Platelets have storage capacity: Platelets, derived from megakaryocytes in the bone marrow, are crucial components of blood, playing a vital role in hemostasis. They are small, anucleate, discoid-shaped cells containing cytoplasmic granules packed with biologically active proteins essential for their function.

In drug delivery applications, platelets can be loaded with therapeutic proteins to act as circulating reservoirs. Studies have demonstrated various strategies for utilizing platelets in drug delivery. For instance, platelets can deliver coagulation factors directly to sites of vascular injury, enhancing thrombogenesis and facilitating localized drug release.(PMID: 33096949)

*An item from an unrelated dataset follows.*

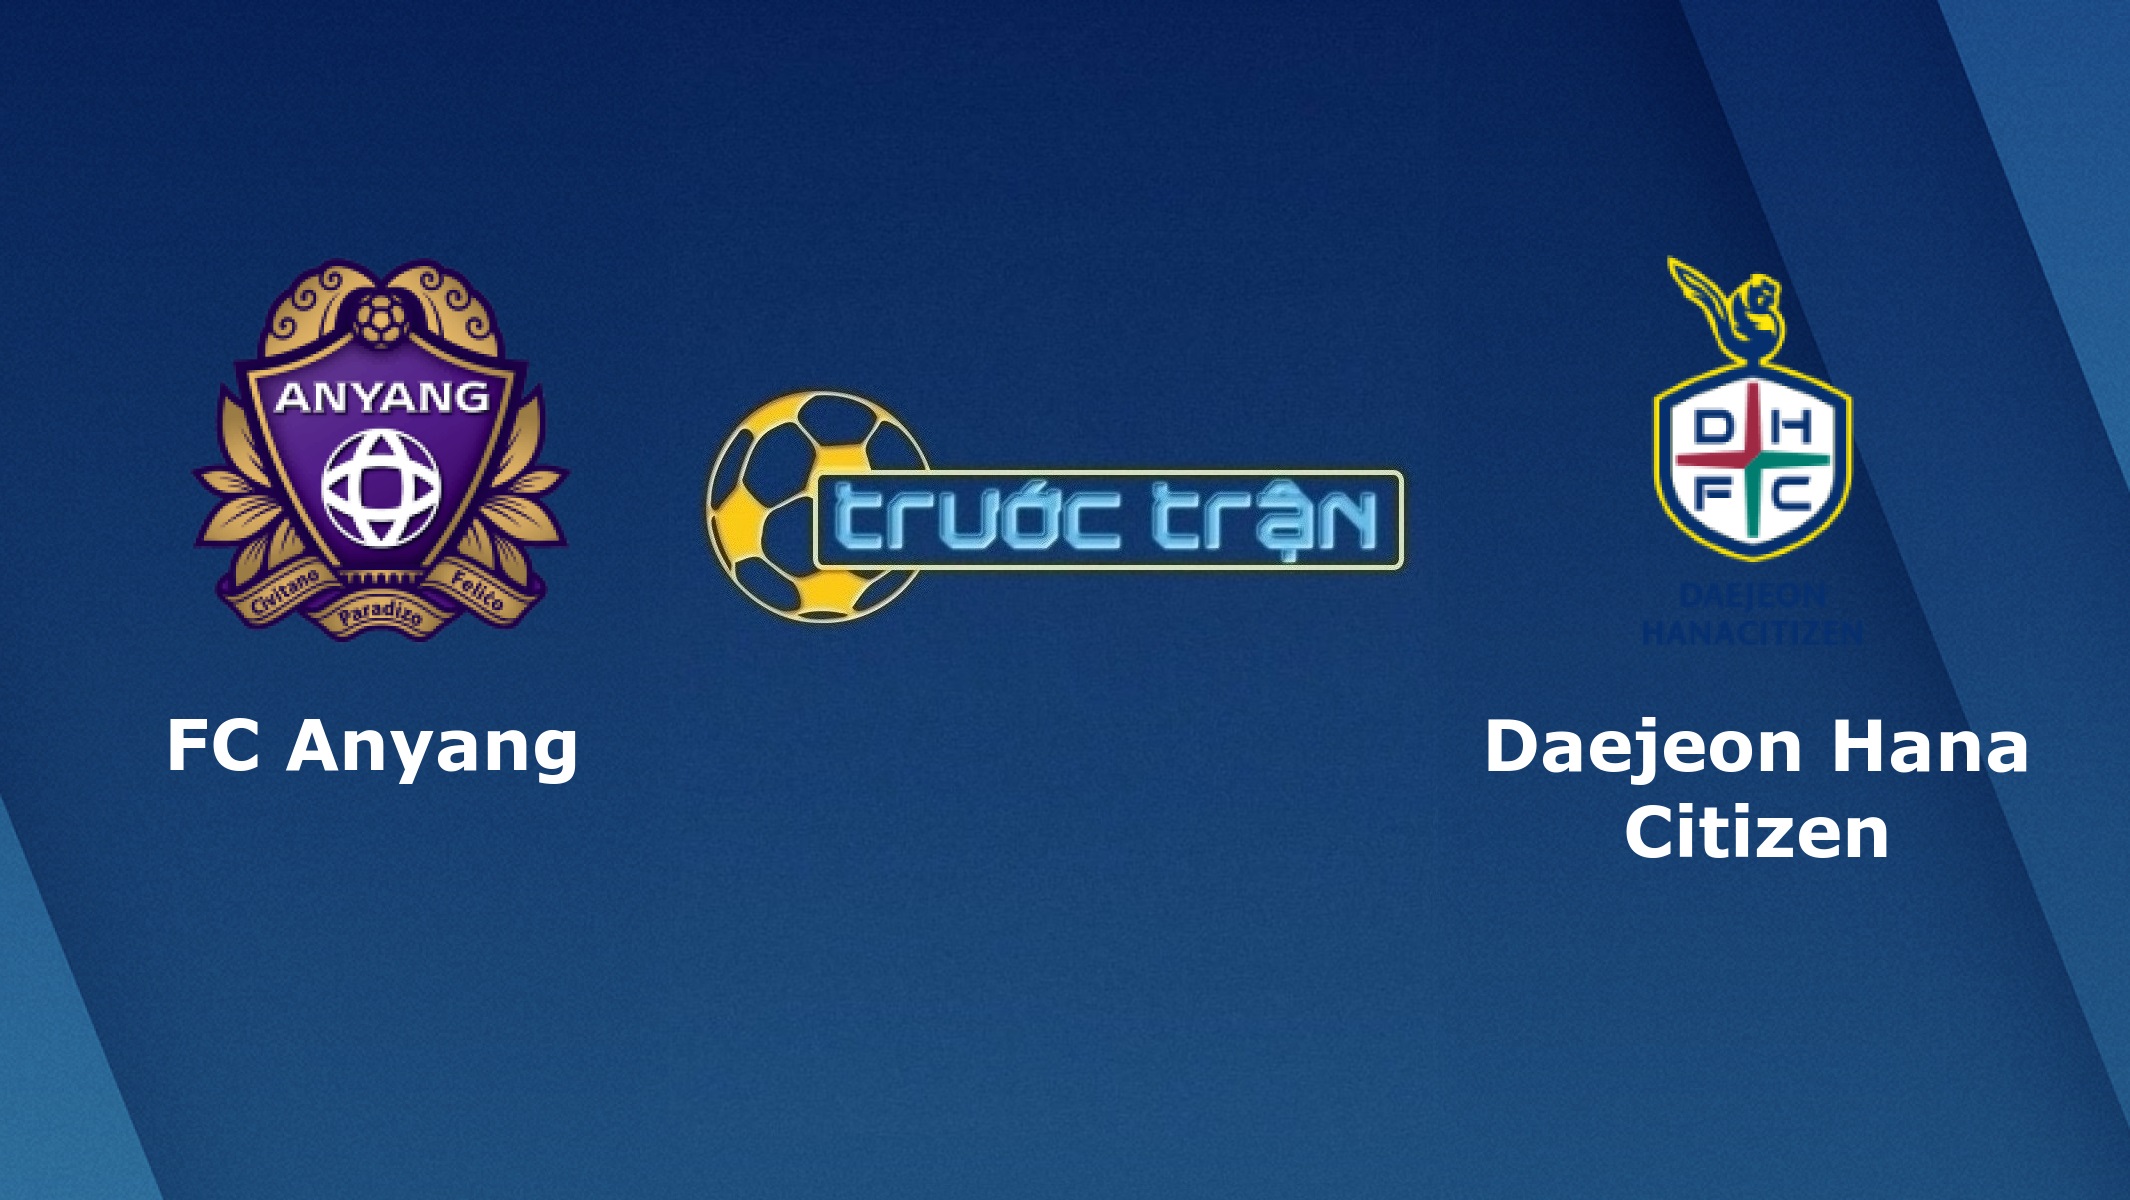 FC Anyang vs Daejeon Hana Citizen – Tip kèo bóng đá hôm nay – 24/08

Leukocytes: Leukocytes, compared to other blood cells, exhibit unique characteristics that make them promising candidates for drug delivery. Utilizing leukocytes as carriers for drug delivery capitalizes on their biocompatibility and biological functions to prolong the drugs’ lifespan in vivo and target inflammatory tissues for site-specific delivery. Both small molecule and macromolecular therapeutics can be encapsulated within leukocytes via passive diffusion. (PMID: 33096949)

Neutrophils: Neutrophils exhibit several novel properties that make them promising carriers for delivering nanotherapeutics:

1. Neutrophils are the first responders at sites of infection or inflammation, producing cytokines to recruit other immune cells before being cleared within a few days.
2. Despite their short lifespan in circulation, neutrophils are the most abundant cells during acute inflammation compared to monocytes/macrophages, facilitating rapid drug delivery.
3. In response to inflammation, neutrophil numbers can increase by a hundredfold or more in a short period, making them attractive targets for enhancing therapeutic efficacy.

Neutrophils’ capability to traverse the vascular barrier into tissues makes them excellent vectors for transporting nanoparticles. proposed a method for delivering nanotherapeutic drugs to deep tissues through the neutrophil transmigration pathway. (PMID: 33096949)

Conclusion 

Immortalized cell lines provide a continuous resource for repeated assays, while DTCs and primary cells closely mimic in vivo conditions, making them valuable for biomarker discovery and drug screening. Immune cells play crucial roles in disease research and immunotoxicity evaluation, while culture models offer a more accurate representation of clinical environments. By understanding the characteristics and applications of different cell types, researchers can effectively utilize these tools to advance drug research and develop innovative therapeutic strategies.